This notebook focuses on analyzing plant traits data and building a machine learning model to predict plant-related outcomes. The workflow involves loading the dataset, preprocessing, and training a model using PyTorch to capture relevant features of the dataset. The primary goal is to utilize plant trait features to build a model that can generalize well on unseen data and provide valuable insights into plant traits through a machine learning approach.

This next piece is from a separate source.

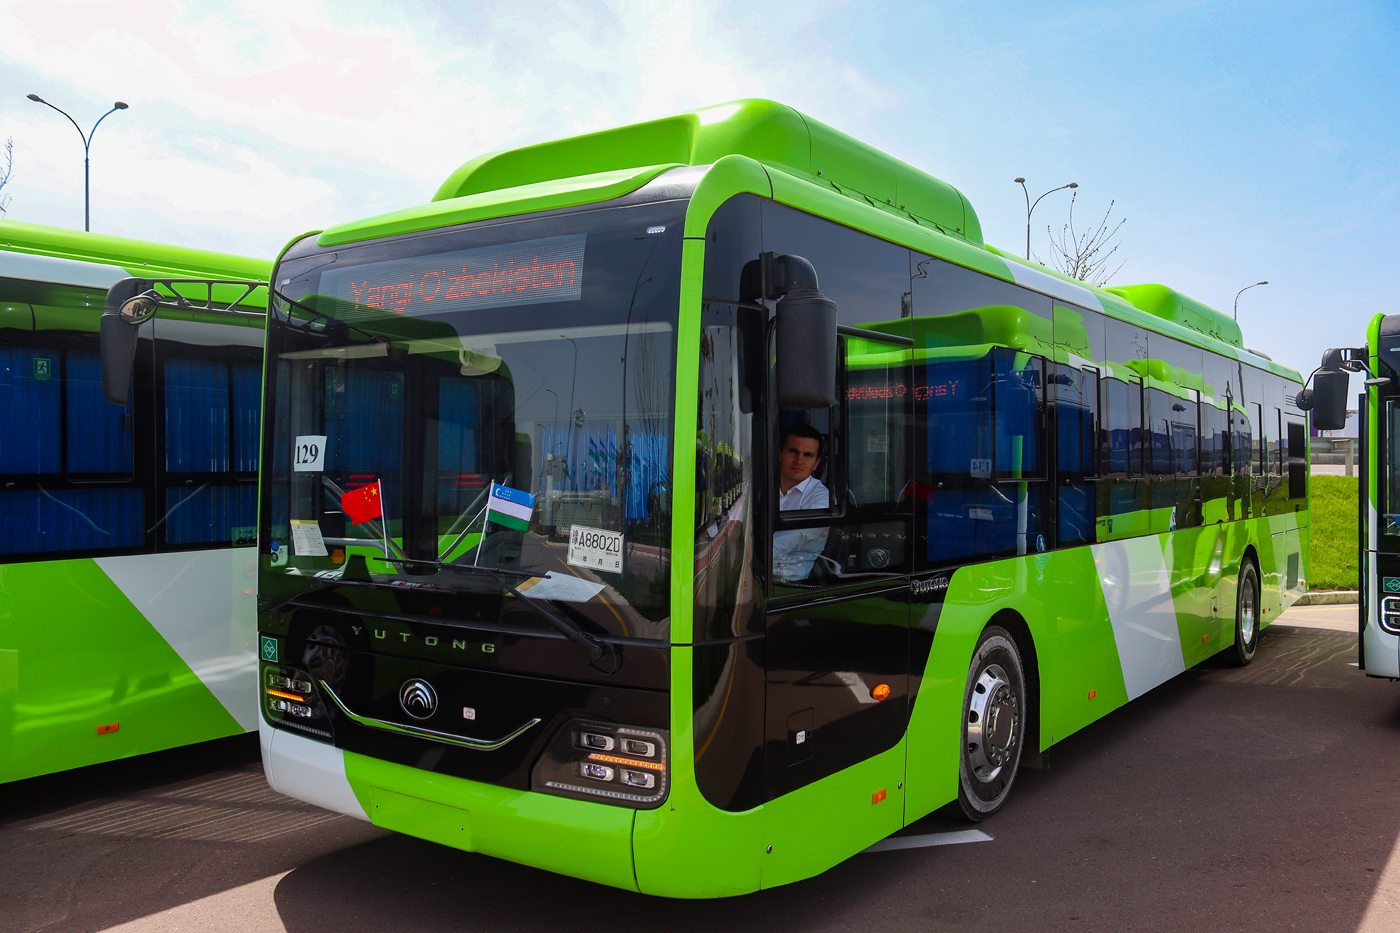 Tashkent — Presentatiom of new buses

The model architecture leverages a simple Convolutional Neural Network (CNN) backbone with a MLP head trained on plant traits data to predict specific target outcomes. The dataset includes features such as temperature, precipitation, soil properties, and other environmental factors.
The iNaturalist dataset has been used in this project contains information about plant traits. These features represent various environmental and biological measurements, such as:
WORLDCLIM_BIO1: Annual mean temperature WORLDCLIM_BIO12: Annual precipitation SOIL_bdod: Soil bulk density at different depths Other features include measures of temperature and precipitation seasonality, soil properties, and climate-related variables. The dataset is divided into training and testing sets, with the training set used to build the model, and the test set reserved for evaluating performance.
The model has been trained for 100 epochs for the criterion of Mean Squared Error (MSE) with a batch size of 32, learning rate of 0.001.